As Robert Greene says the “future belongs to those who learn more skills and combine them in creative ways”. It’s not just about skills acquisition and having a problem solving ability but about getting out of your comfort zone and creating/making from scratch. Tangible products and services (Efficient Wood Stoves or 3D Printing) as well as a whole array of digital products, services and experiences (code, websites, online events).
Equipping yourself with an evolving skillset and an ability to think critically and expansively provides an edge and a future-proof foundation to participate in “innovation-driven ecosystems, providing new ideas, business models, products and services”.
Roles which will be “difficult-to-automate” increasingly require social intelligence and other profoundly human, relationship-oriented skills (empathy, compassion, interpersonal communication). Deming has found that jobs requiring high levels of analytical and mathematical reasoning but lower levels of social interaction fare poorly (where automation is concerned).
Social and uniquely human skills are important because computers are not adept at simulating human interaction:
“Reading the minds of others and reacting is an unconscious process, and skill in social settings has evolved in humans over thousands of years. Human interaction in the workplace involves team production, with workers playing off of each other’s strengths and adapting flexibly to changing circumstances. Such non-routine interaction is at the heart of the human advantage over machines”.
The skills underpinning human interaction are based on tacit knowledge (the rules and cues that inform behaviour etc.) which are not easily replicable by highly advanced algorithms.

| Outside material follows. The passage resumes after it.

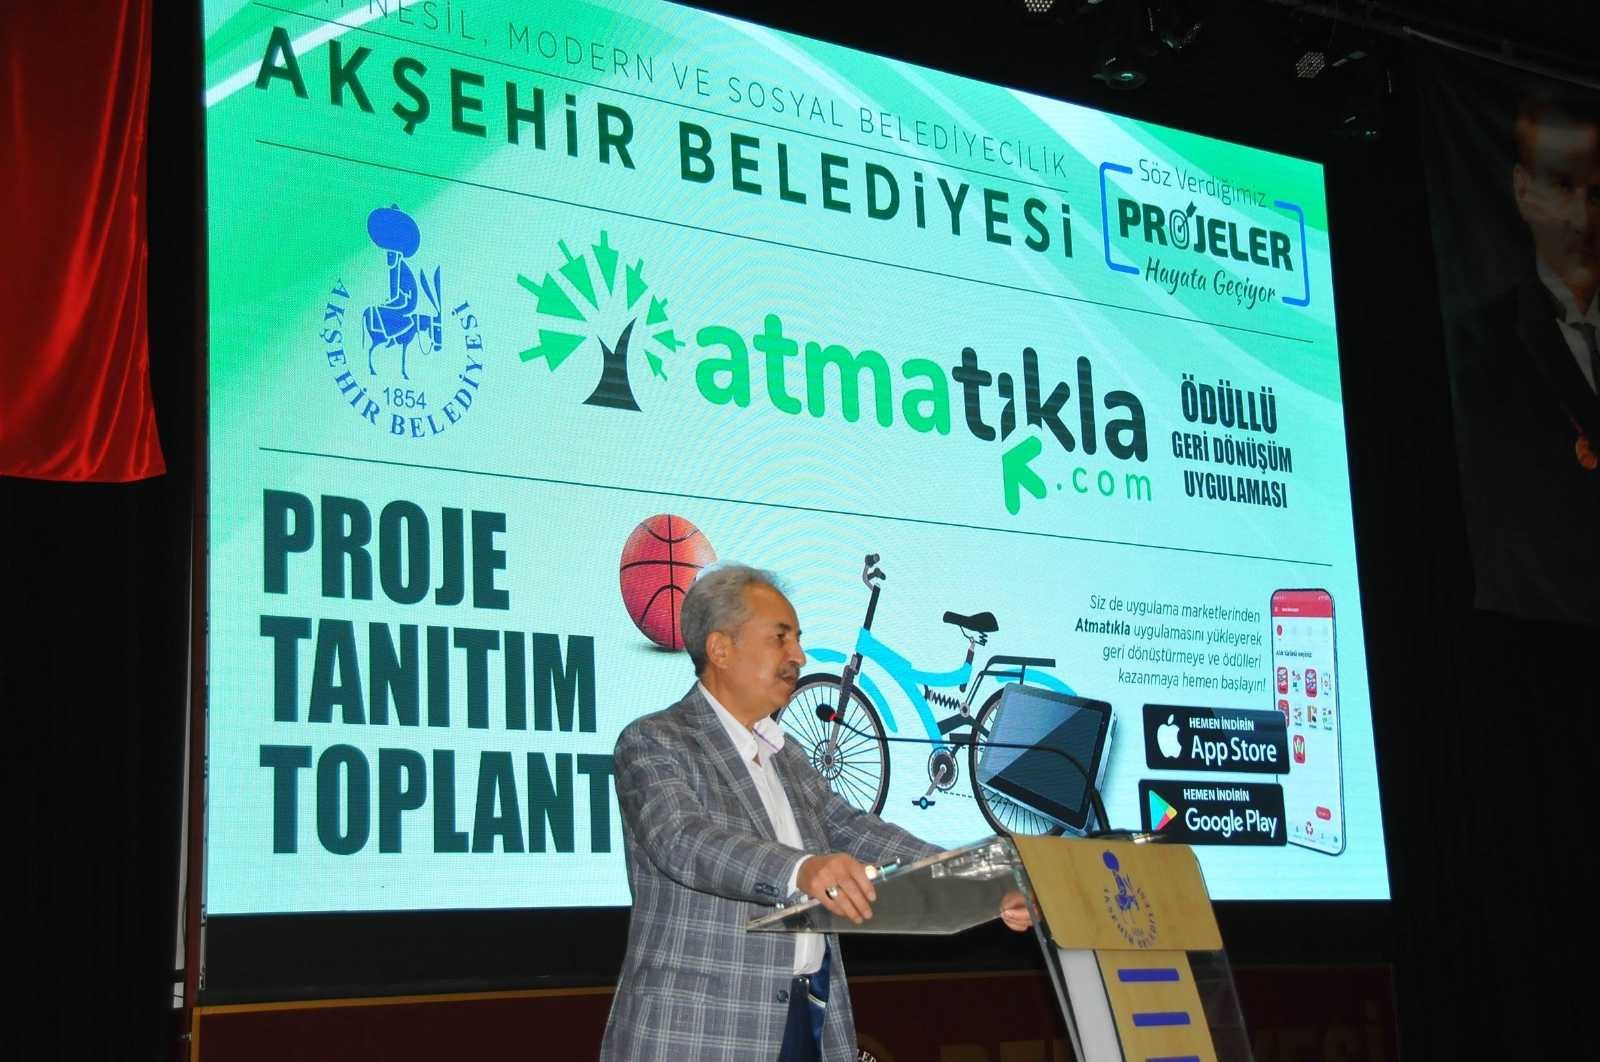 Akşehir Belediyesinden Türkiye’de bir ilk: “atmatıkla”

Just as important as social intelligence is the ability to connect with people outside your industry (and your usual circles). Building a diverse network is crucial to understanding the different options and opportunities in the broader market and to get exposure to new approaches, ways of thinking and experiences.
6. Stay Grounded
Building your resilience, being anchored by a sense of purpose and having certain practices/rituals (exercise, meditation, mindfulness etc.) that keep you grounded will enable you to ride the successive waves of change. This is about knowing how stress affects you and understanding what you need to do or to put in place to ensure you don’t get derailed or burnt out.
Although we’re already witnessing the impacts of automation in several different industries, we’re on the precipice of a period of major and constant change. Whilst this very reality can be anxiety inducing for many, we’re embarking on a period in time of unforeseen opportunities. Industries and jobs that have never existed before. An invitation for us to evolve as humans and adapt to a rapidly changing global environment.
What steps do you want to take right now to future proof your career?
You may want to start with broadening your network, learning a new skill, starting a new business or social enterprise or pivoting to an adjacent (or completely different) industry.